──────── THE RECORDS ────────

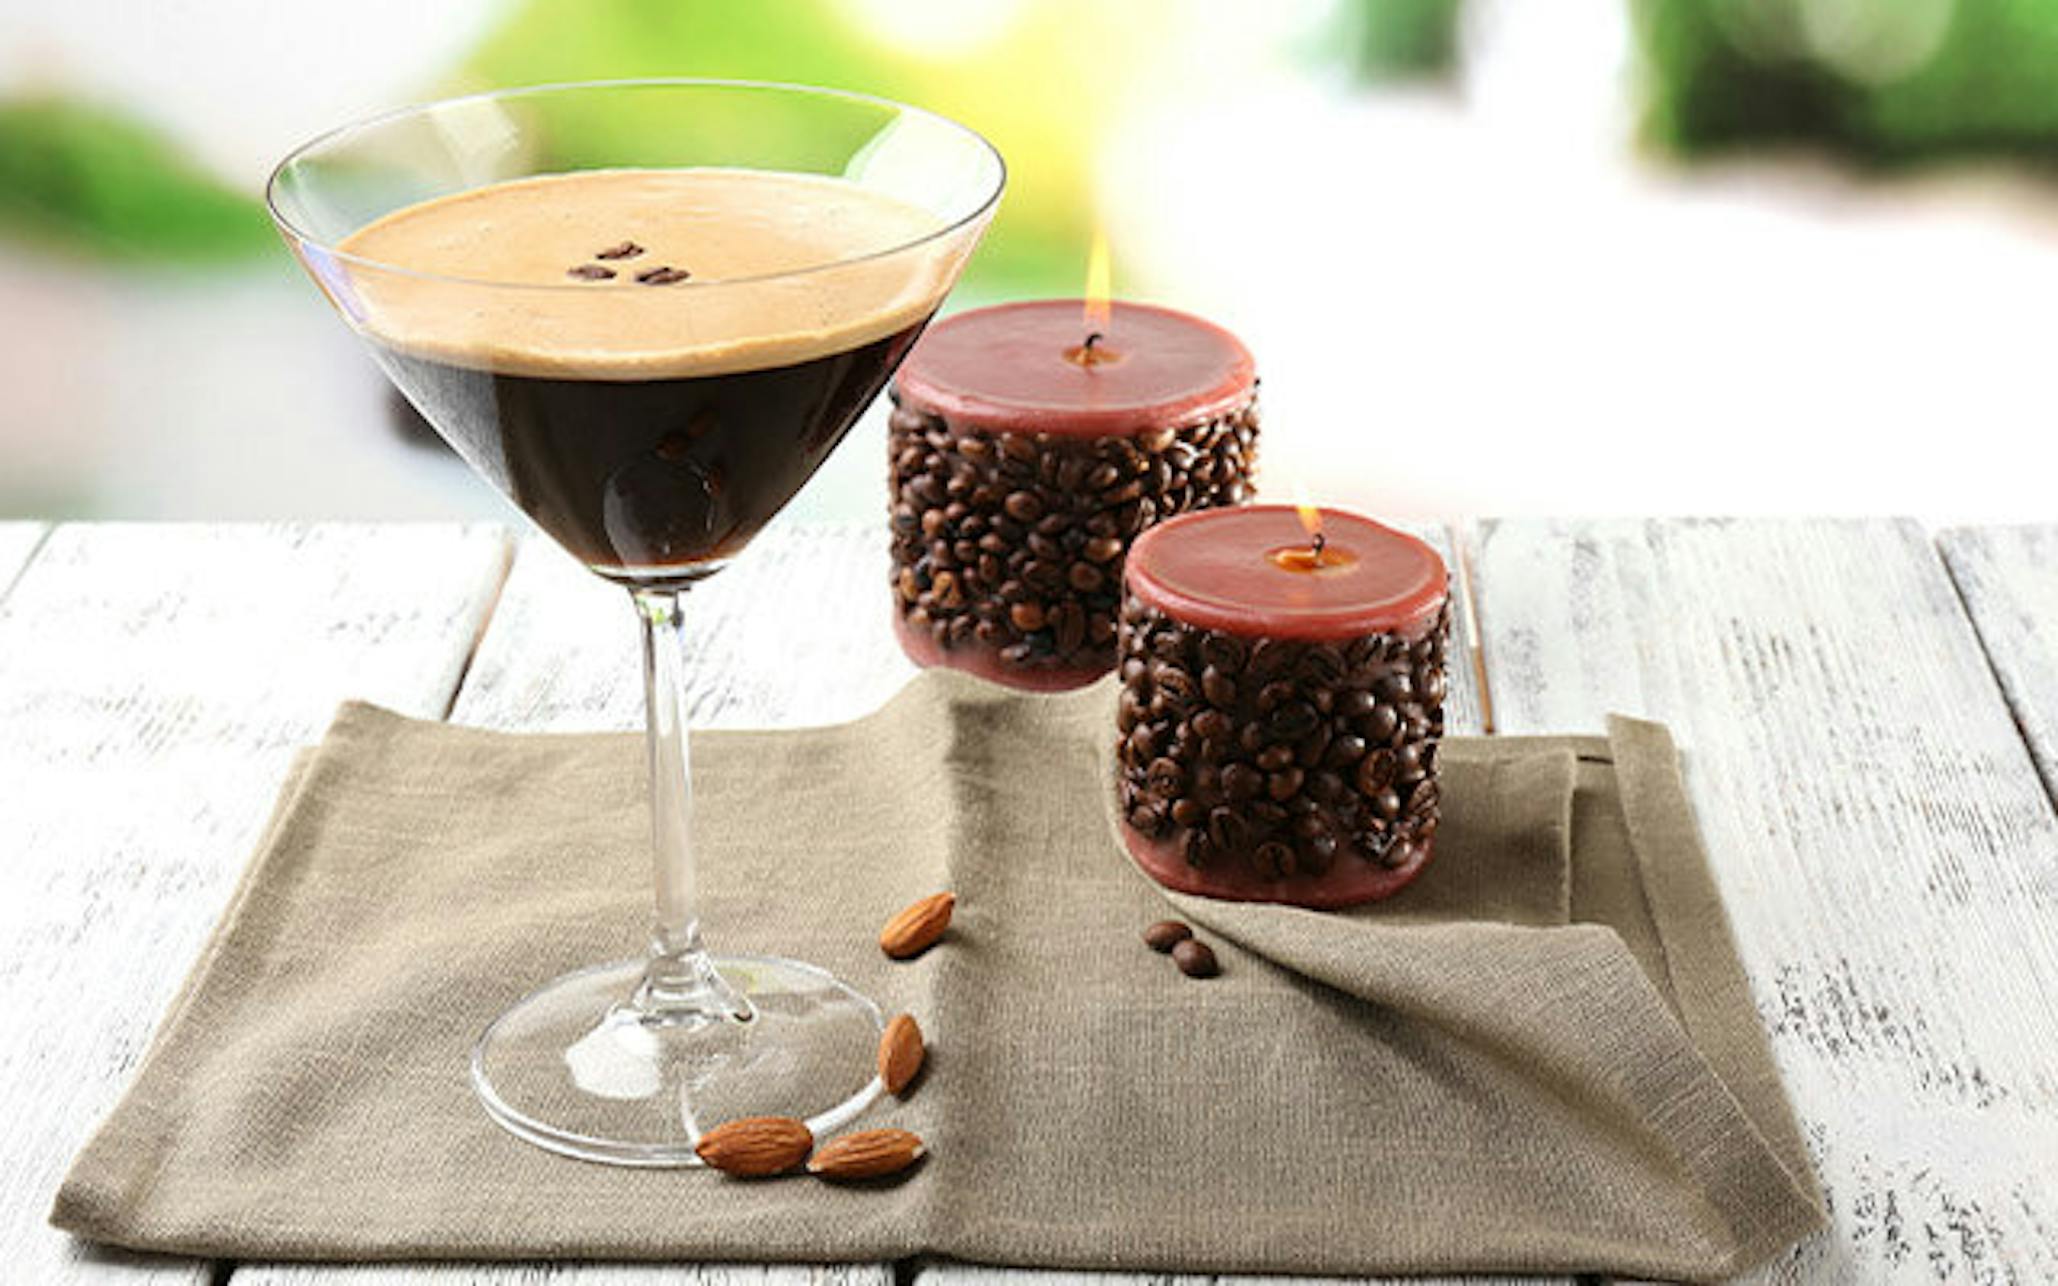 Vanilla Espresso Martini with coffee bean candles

────────
──────── THE RECORDS ────────

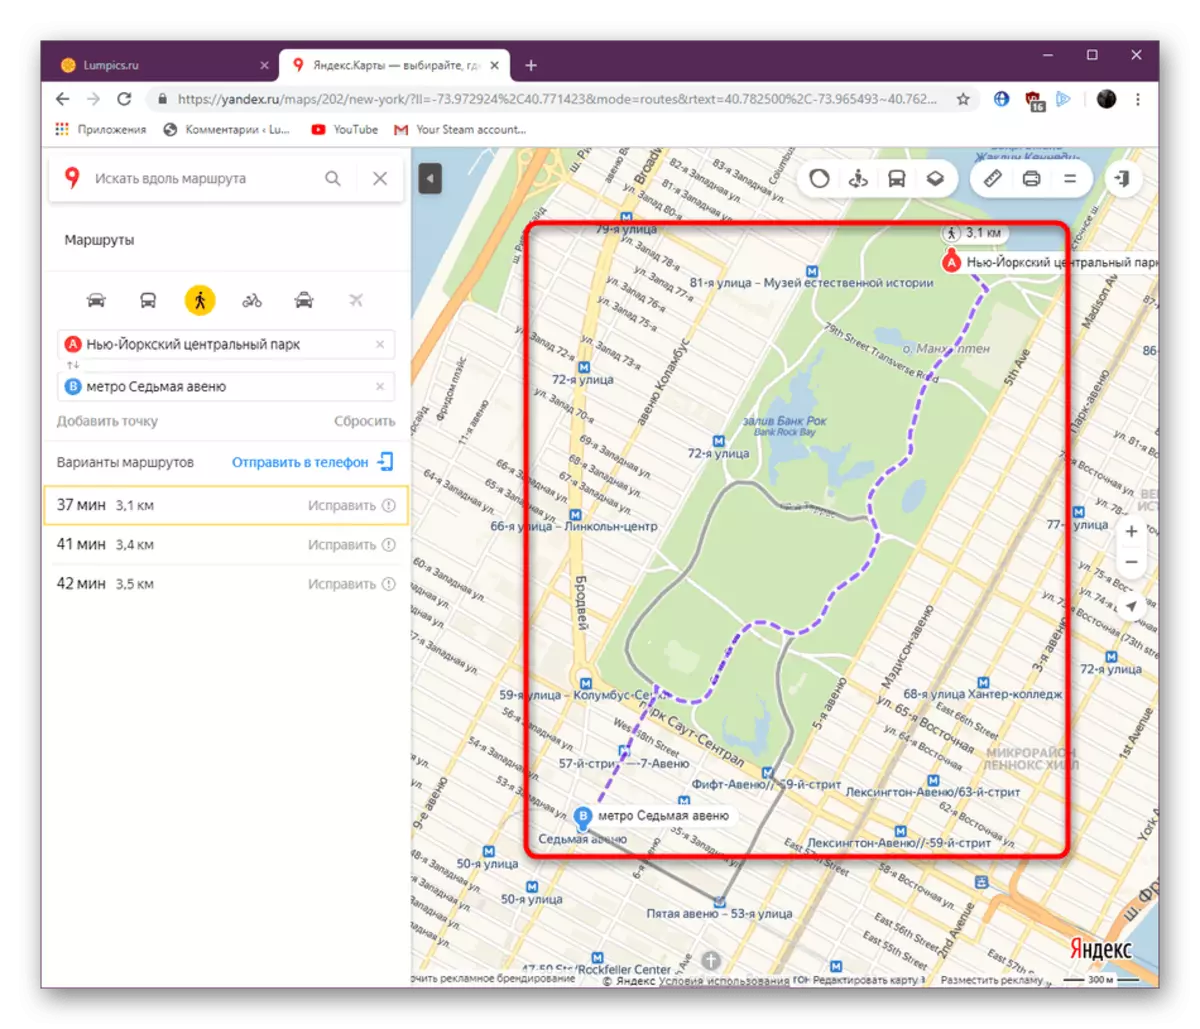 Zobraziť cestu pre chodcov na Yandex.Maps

────────
──────── THE RECORDS ────────

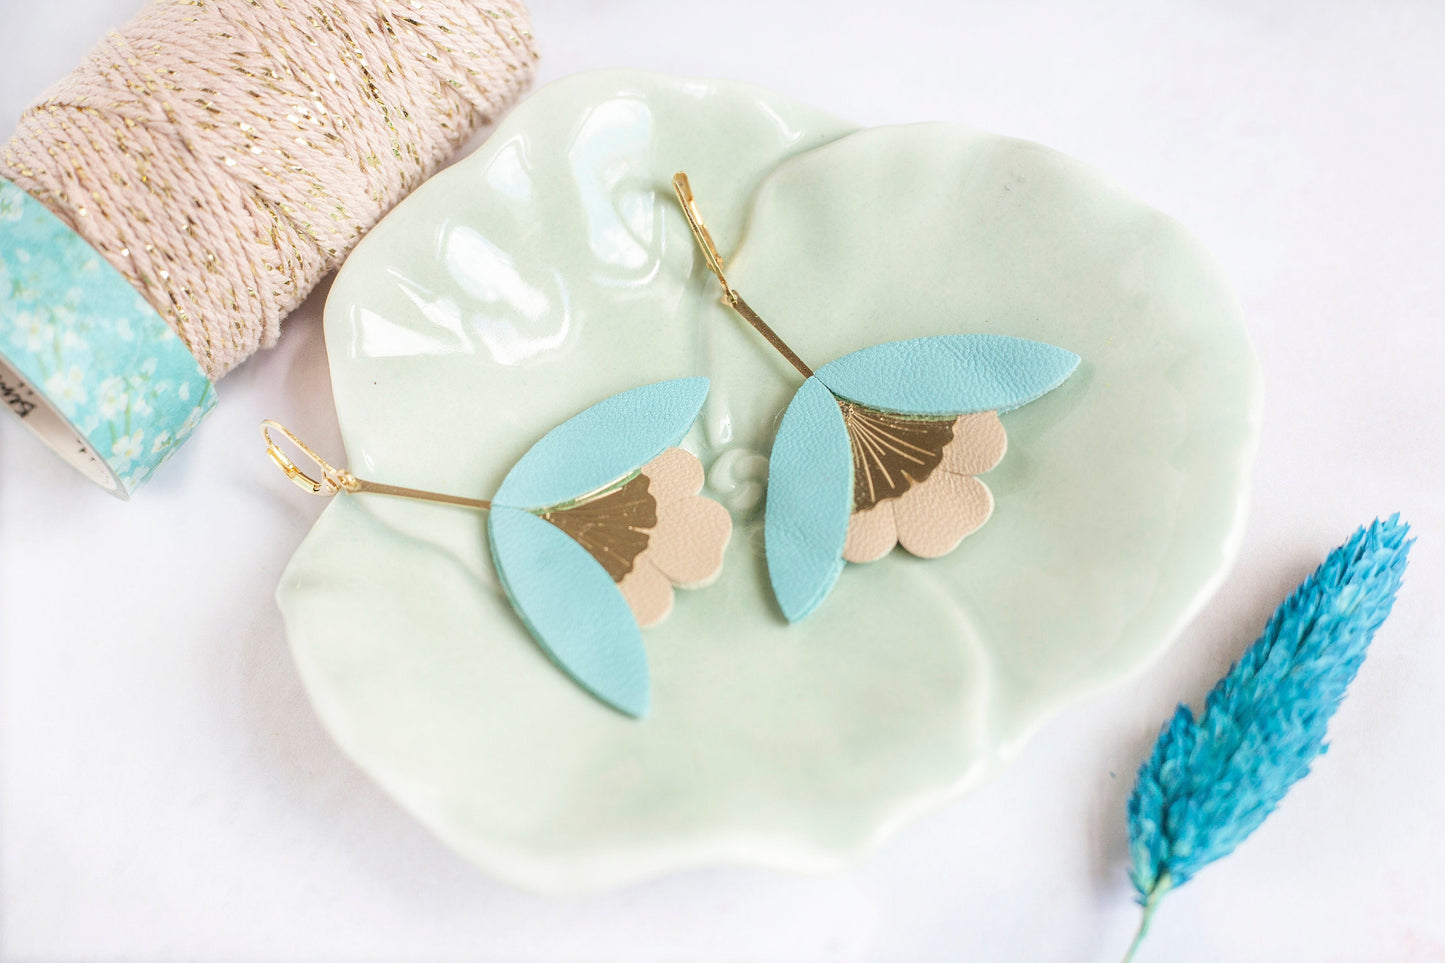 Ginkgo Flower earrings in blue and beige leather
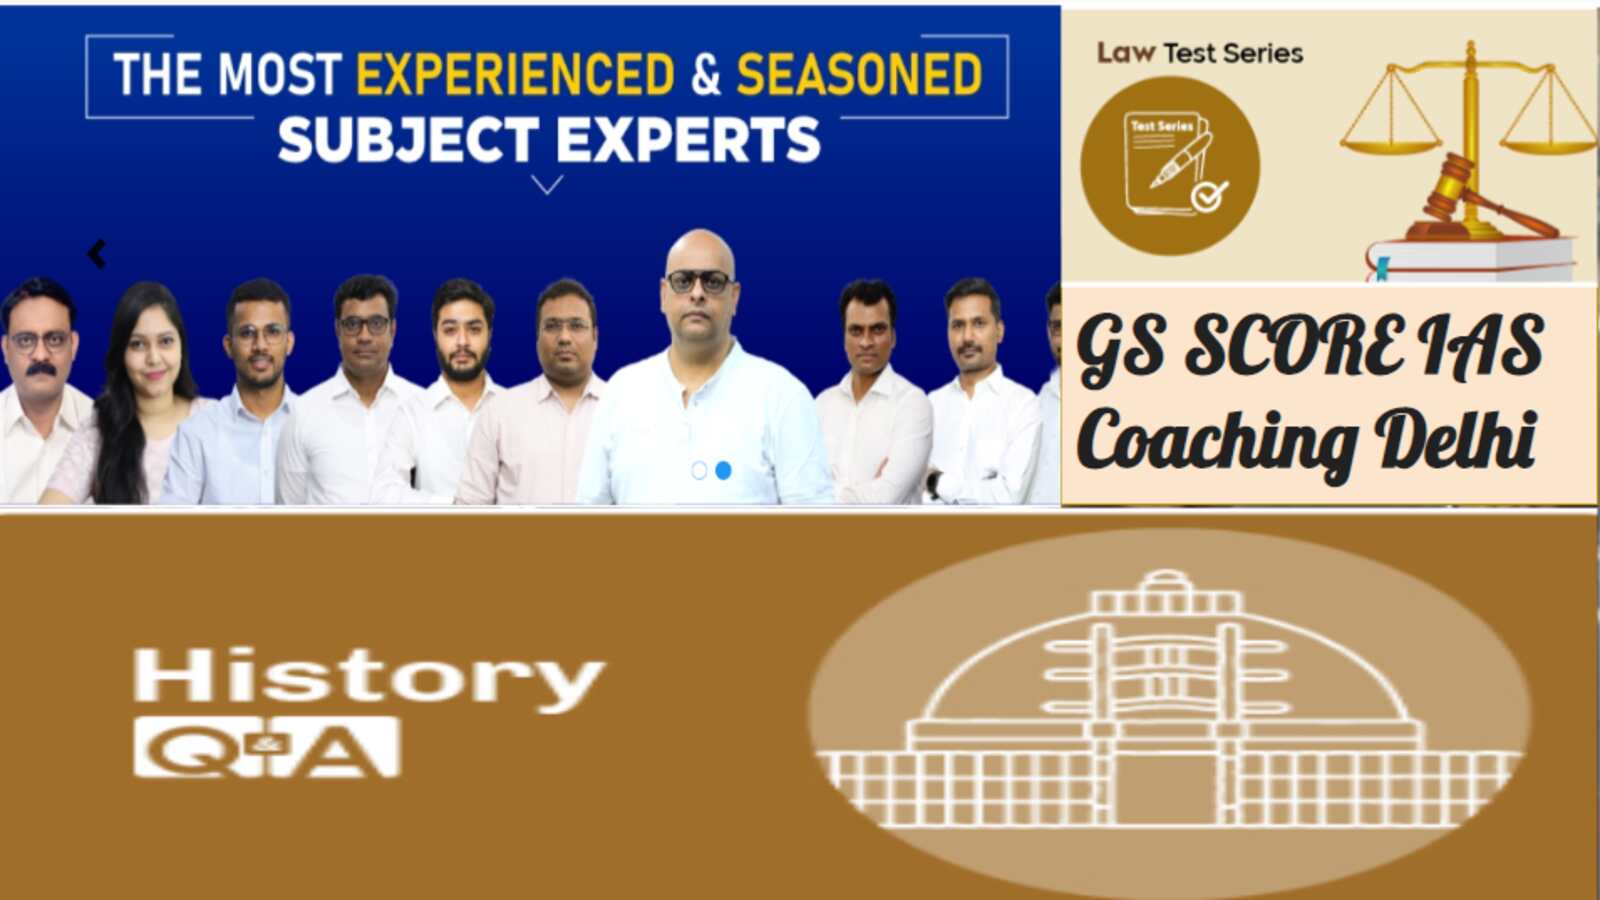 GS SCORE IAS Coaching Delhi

────────

EXERCISE REQUIREMENTS » Return exactly the lines of the material above, starting at the line containing "Ginkgo Flower earrings" and finishing at the line containing "GS SCORE IAS Coaching Delhi", without any pictures.

RESPONSE FOR THIS EXERCISE »
 Ginkgo Flower earrings in blue and beige leather
 GS SCORE IAS Coaching Delhi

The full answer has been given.